Print out the data exactly, keeping every image out of it.

## Stored data
──────────

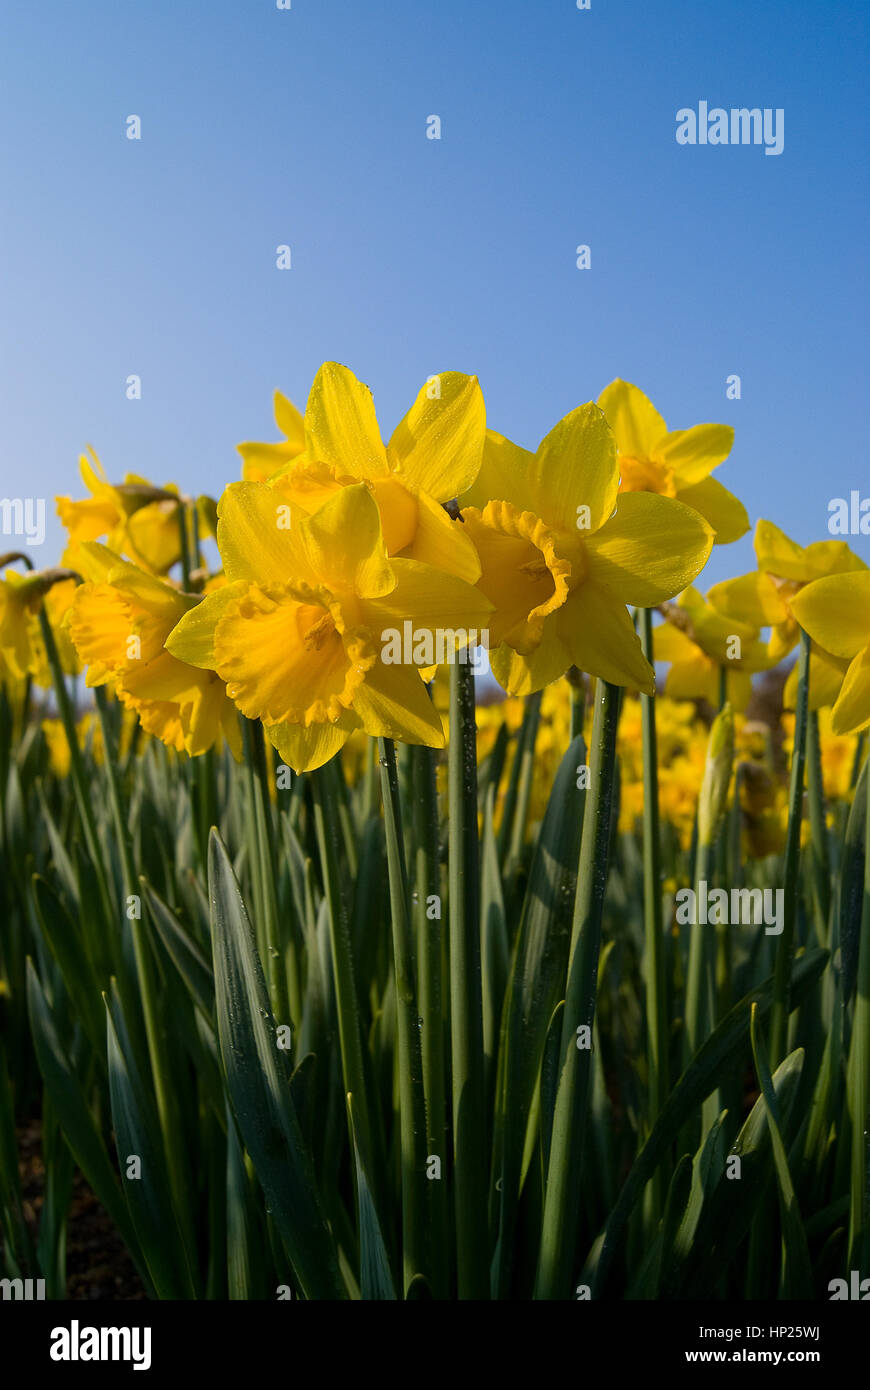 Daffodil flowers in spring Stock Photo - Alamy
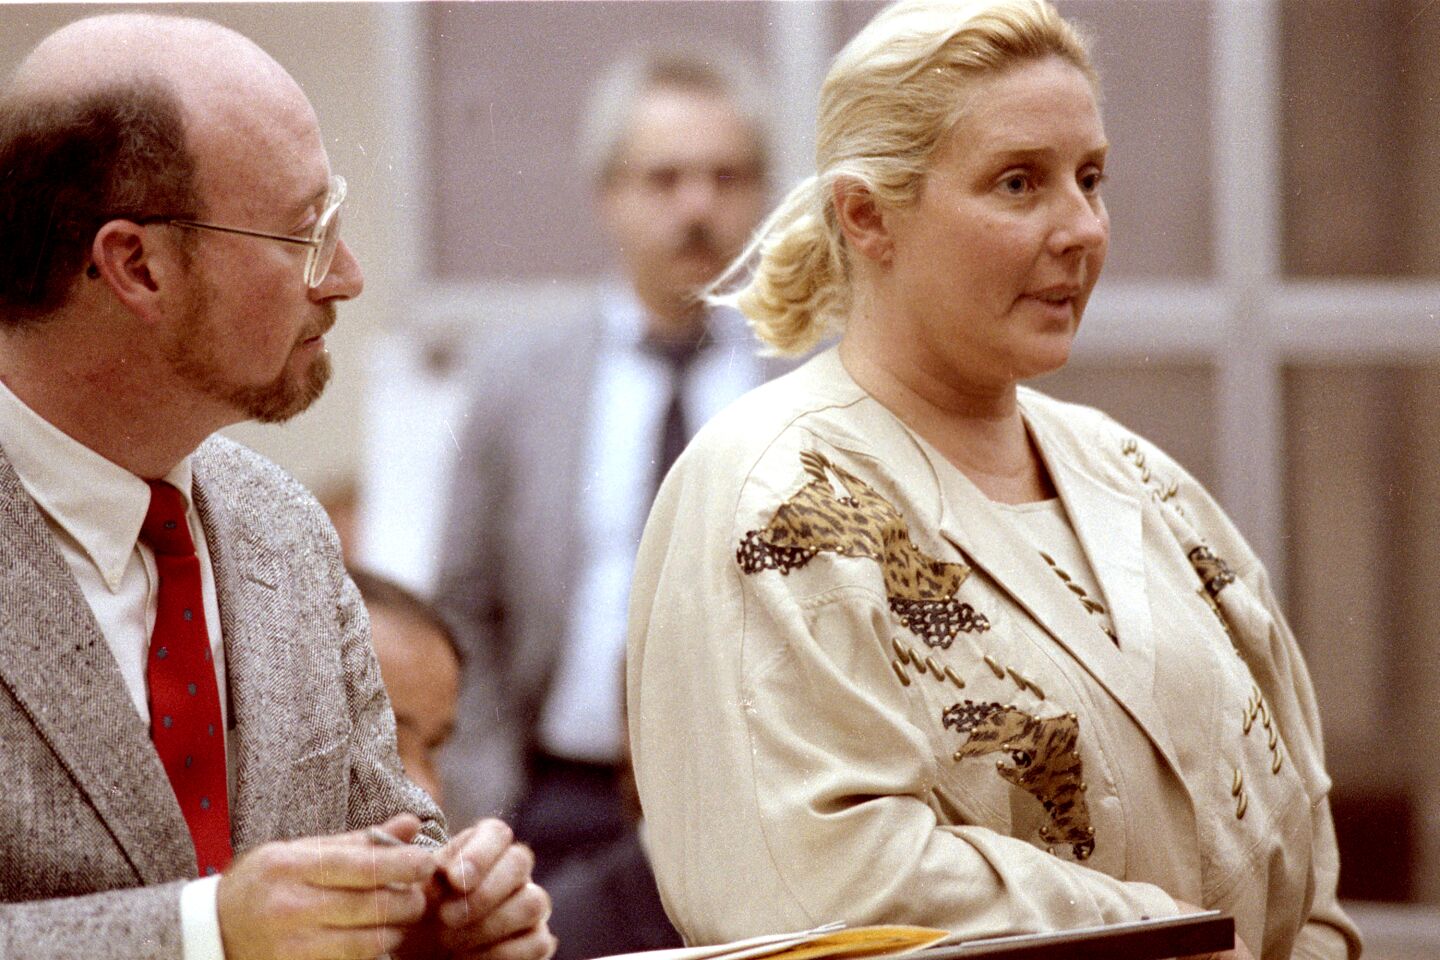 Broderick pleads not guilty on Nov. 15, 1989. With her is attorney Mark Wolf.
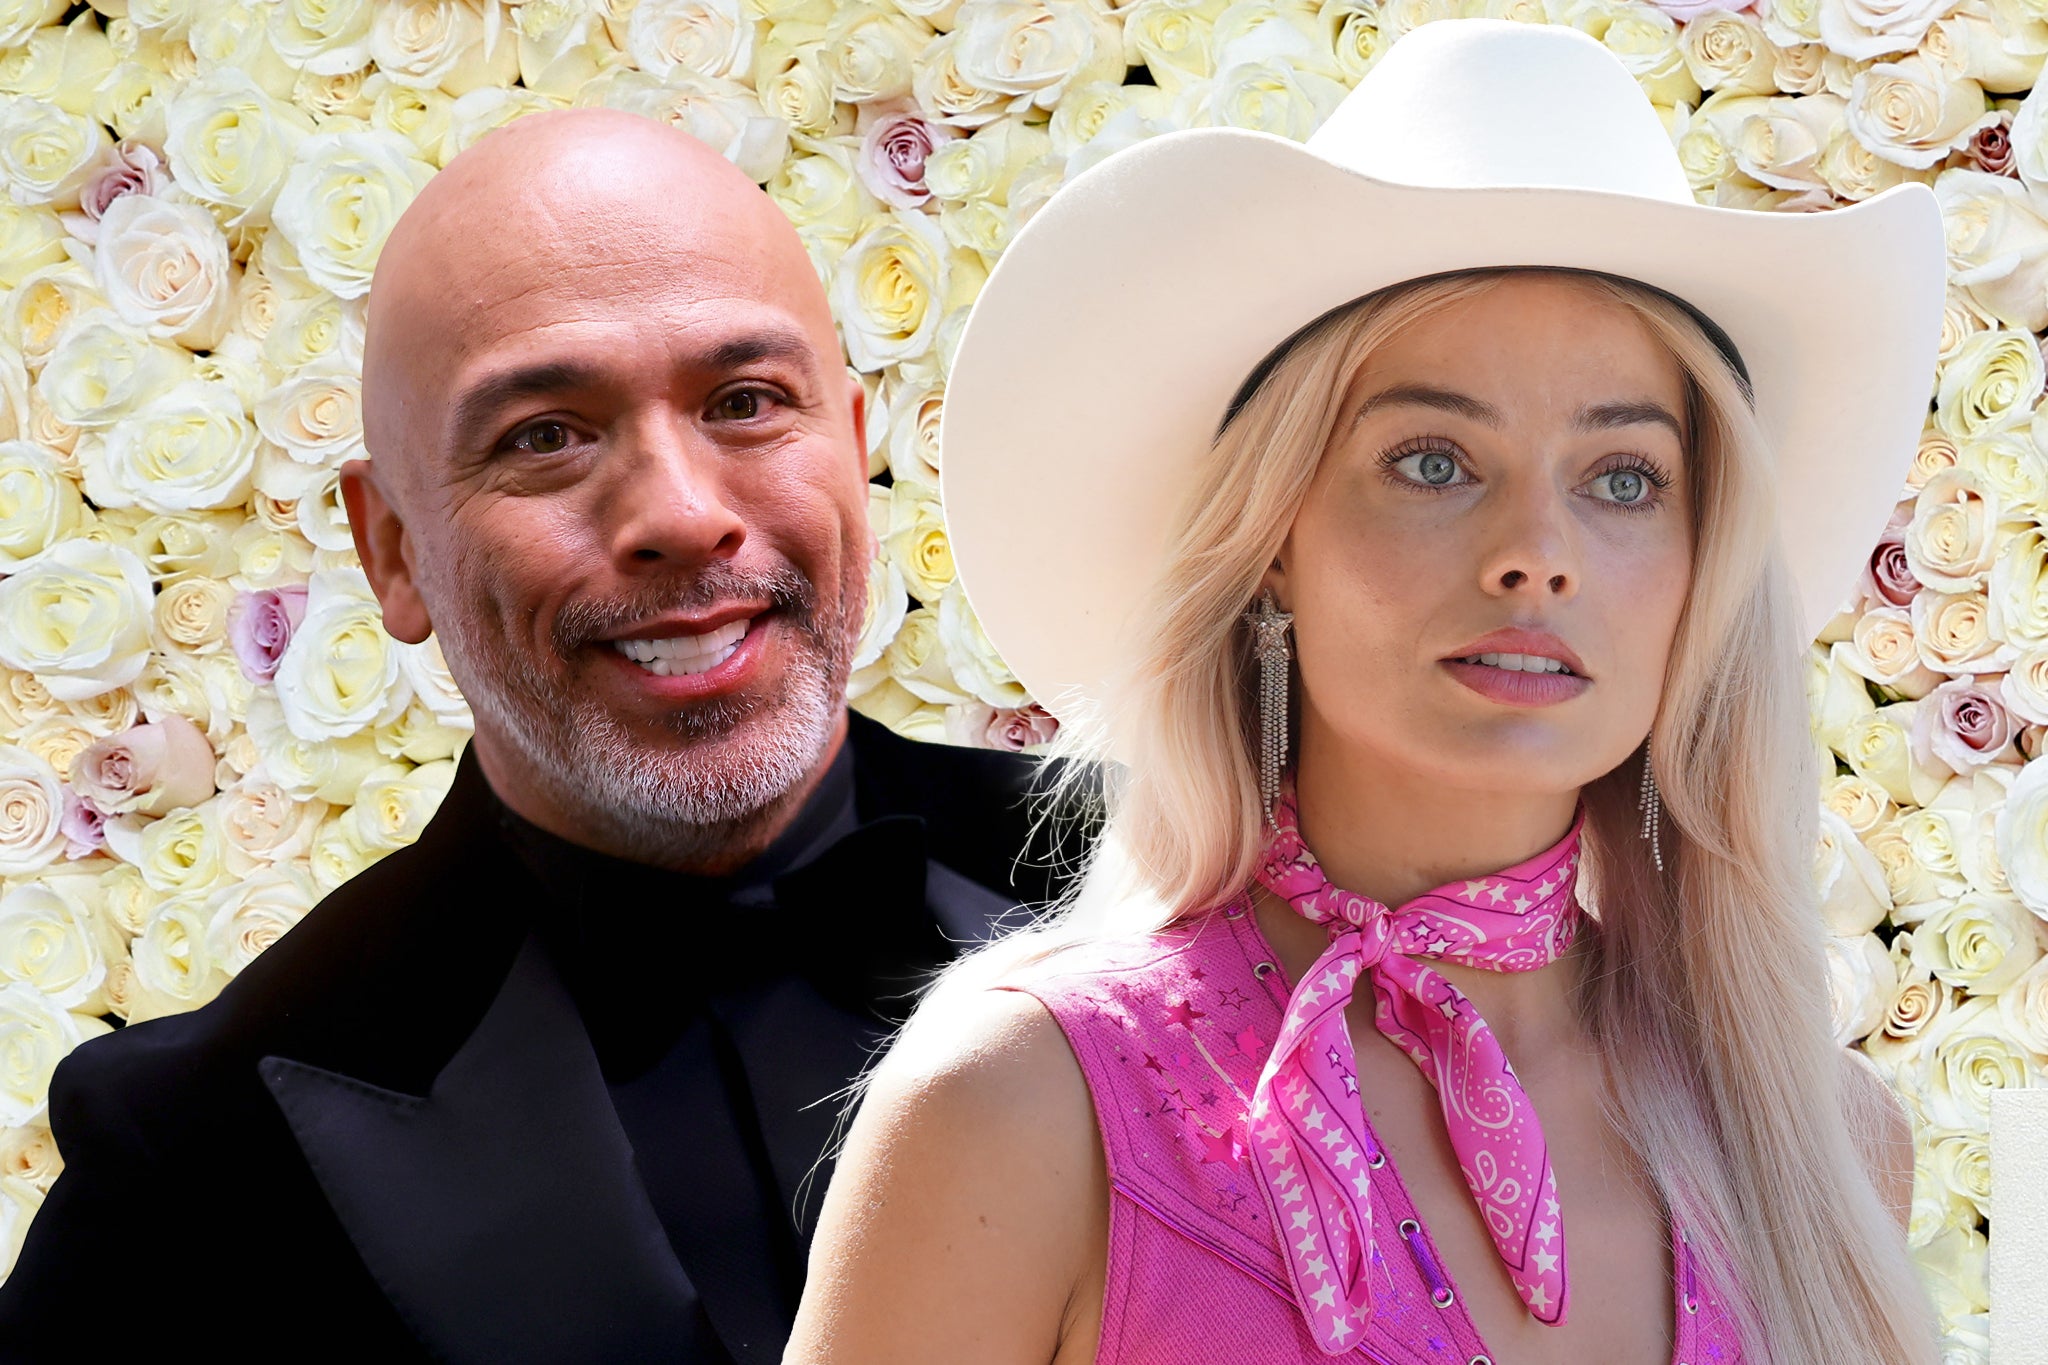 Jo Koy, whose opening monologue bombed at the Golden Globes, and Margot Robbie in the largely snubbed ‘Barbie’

──────────

## Reply
 Daffodil flowers in spring Stock Photo - Alamy
 Broderick pleads not guilty on Nov. 15, 1989. With her is attorney Mark Wolf.
 Jo Koy, whose opening monologue bombed at the Golden Globes, and Margot Robbie in the largely snubbed ‘Barbie’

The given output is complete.